2018-04-19 Thread Rahul Lakkireddy
On Thursday, April 04/19/18, 2018 at 07:10:30 +0530, Dave Young wrote:
> On 04/18/18 at 06:01pm, Rahul Lakkireddy wrote:
> > On Wednesday, April 04/18/18, 2018 at 11:45:46 +0530, Dave Young wrote:
> > > Hi Rahul,
> > > On 04/17/18 at 01:14pm, Rahul Lakkireddy wrote:
> > > > On production servers running variety of workloads over time, kernel
> > > > panic can happen sporadically after days or even months. It is
> > > > important to collect as much debug logs as possible to root cause
> > > > and fix the problem, that may not be easy to reproduce. Snapshot of
> > > > underlying hardware/firmware state (like register dump, firmware
> > > > logs, adapter memory, etc.), at the time of kernel panic will be very
> > > > helpful while debugging the culprit device driver.
> > > > 
> > > > This series of patches add new generic framework that enable device
> > > > drivers to collect device specific snapshot of the hardware/firmware
> > > > state of the underlying device in the crash recovery kernel. In crash
> > > > recovery kernel, the collected logs are added as elf notes to
> > > > /proc/vmcore, which is copied by user space scripts for post-analysis.
> > > > 
> > > > The sequence of actions done by device drivers to append their device
> > > > specific hardware/firmware logs to /proc/vmcore are as follows:
> > > > 
> > > > 1. During probe (before hardware is initialized), device drivers
> > > > register to the vmcore module (via vmcore_add_device_dump()), with
> > > > callback function, along with buffer size and log name needed for
> > > > firmware/hardware log collection.
> > > 
> > > I assumed the elf notes info should be prepared while kexec_[file_]load
> > > phase. But I did not read the old comment, not sure if it has been 
> > > discussed
> > > or not.
> > > 
> > 
> > We must not collect dumps in crashing kernel. Adding more things in
> > crash dump path risks not collecting vmcore at all. Eric had
> > discussed this in more detail at:
> > 
> > https://lkml.org/lkml/2018/3/24/319
> > 
> > We are safe to collect dumps in the second kernel. Each device dump
> > will be exported as an elf note in /proc/vmcore.
> 
> I understand that we should avoid adding anything in crash path.  And I also
> agree to collect device dump in second kernel.  I just assumed device
> dump use some memory area to store the debug info and the memory
> is persistent so that this can be done in 2 steps, first register the
> address in elf header in kexec_load, then collect the dump in 2nd
> kernel.  But it seems the driver is doing some other logic to collect
> the info instead of just that simple like I thought. 
> 

It seems simpler, but I'm concerned with waste of memory area, if
there are no device dumps being collected in second kernel. In
approach proposed in these series, we dynamically allocate memory
for the device dumps from second kernel's available memory.

> > 
> > > If do this in 2nd kernel a question is driver can be loaded later than 
> > > vmcore init.
> > 
> > Yes, drivers will add their device dumps after vmcore init.
> > 
> > > How to guarantee the function works if vmcore reading happens before
> > > the driver is loaded?
> > > 
> > > Also it is possible that kdump initramfs does not contains the driver
> > > module.
> > > 
> > > Am I missing something?
> > > 
> > 
> > Yes, driver must be in initramfs if it wants to collect and add device
> > dump to /proc/vmcore in second kernel.
> 
> In RH/Fedora kdump scripts we only add the things are required to
> bring up the dump target, so that we can use as less memory as we can.
> 
> For example, if a net driver panicked, and the dump target is rootfs
> which is a scsi disk, then no network related stuff will be added in
> initramfs.
> 
> In this case the device dump info will be not collected..

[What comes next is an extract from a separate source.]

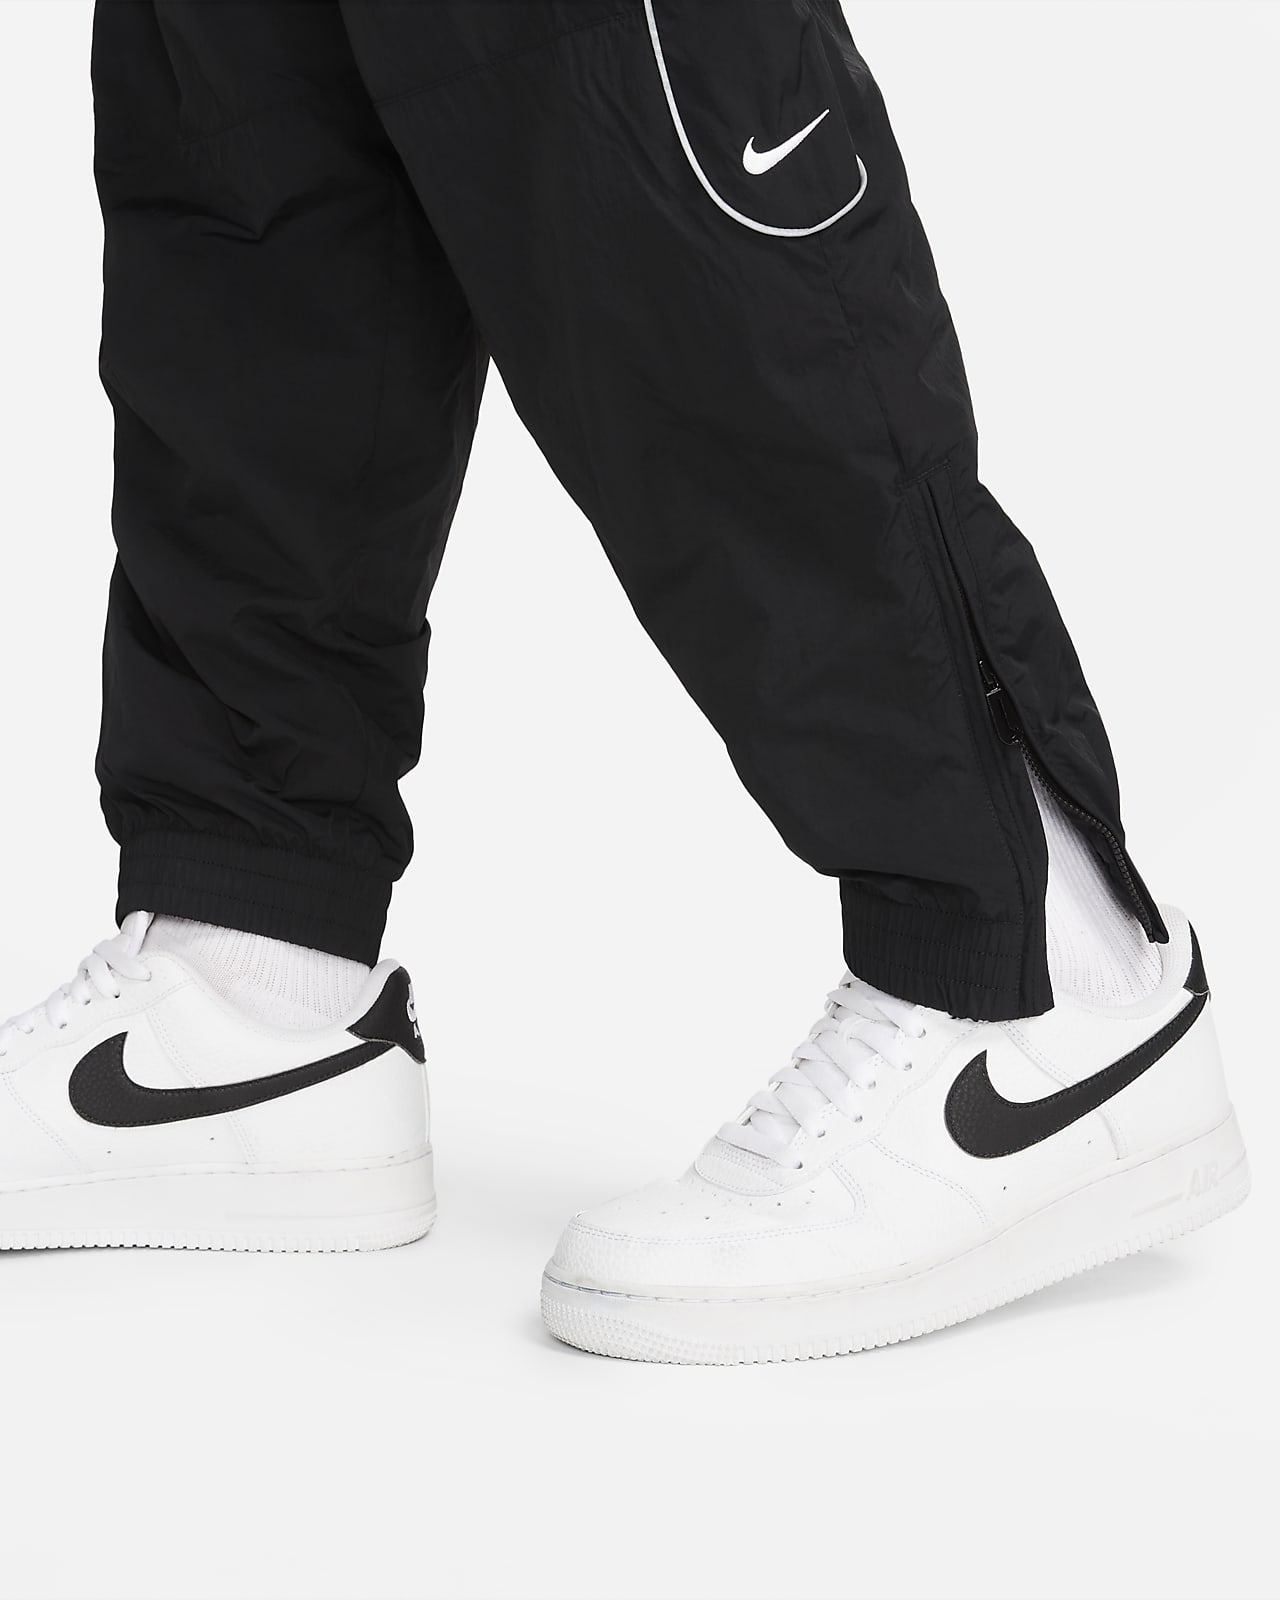 Men's Size M Nike Solo Swoosh Fleece Pants Sweatpants Phantom

Correct. If the driver is not present in initramfs, it can't collect
its underlying device's dump. Administrator is expected to add the 
driver to initramfs, if device dump needs to be collected.

> > 
> > > > 
> > > > 2. vmcore module allocates the buffer with requested size. It adds
> > > > an elf note and invokes the device driver's registered callback
> > > > function.
> > > > 
> > > > 3. Device driver collects all hardware/firmware logs into the buffer
> > > > and returns control back to vmcore module.
> > > > 
> > > > The device specific hardware/firmware logs can be seen as elf notes:
> > > > 
> > > > # readelf -n /proc/vmcore
> > > > 
> > > > Displaying notes found at file offset 0x1000 with length 0x04003288:
> > > >   Owner Data size   Description
> > > >   VMCOREDD_cxgb4_:02:00.4 0x02000fd8Unknown note type: 
> > > > (0x0700)
> > > >   VMCOREDD_cxgb4_:04:00.4 0x02000fd8Unknown note type: 
> > > > (0x0700)
> > > >   CORE 0x0150   NT_PRSTATUS (prstatus structure)
> > > >   CORE 0x0150   NT_PRSTATUS (prstatus structure)
> > > >   CORE 0x0150 

Re: [PATCH net-next v4 0/3] kernel: add support to collect hardware logs in crash recovery kernel

2018-04-18 Thread Dave Young
On 04/18/18 at 06:01pm, Rahul Lakkireddy wrote:
> On Wednesday, April 04/18/18, 2018 at 11:45:46 +0530, Dave Young wrote:
> > Hi Rahul,
> > On 04/17/18 at 01:14pm, Rahul Lakkireddy wrote:
> > > On production servers running variety of workloads over time, kernel
> > > panic can happen sporadically after days or even months. It is
> > > important to collect as much debug logs as possible to root cause
> > > and fix the problem, that may not be easy to reproduce. Snapshot of
> > > underlying hardware/firmware state (like register dump, firmware
> > > logs, adapter memory, etc.), at the time of kernel panic will be very
> > > helpful while debugging the culprit device driver.
> > > 
> > > This series of patches add new generic framework that enable device
> > > drivers to collect device specific snapshot of the hardware/firmware
> > > state of the underlying device in the crash recovery kernel. In crash
> > > recovery kernel, the collected logs are added as elf notes to
> > > /proc/vmcore, which is copied by user space scripts for post-analysis.
> > > 
> > > The sequence of actions done by device drivers to append their device
> > > specific hardware/firmware logs to /proc/vmcore are as follows:
> > > 
> > > 1. During probe (before hardware is initialized), device drivers
> > > register to the vmcore module (via vmcore_add_device_dump()), with
> > > callback function, along with buffer size and log name needed for
> > > firmware/hardware log collection.
> > 
> > I assumed the elf notes info should be prepared while kexec_[file_]load
> > phase. But I did not read the old comment, not sure if it has been discussed
> > or not.
> > 
> 
> We must not collect dumps in crashing kernel. Adding more things in
> crash dump path risks not collecting vmcore at all. Eric had
> discussed this in more detail at:
> 
> https://lkml.org/lkml/2018/3/24/319
> 
> We are safe to collect dumps in the second kernel. Each device dump
> will be exported as an elf note in /proc/vmcore.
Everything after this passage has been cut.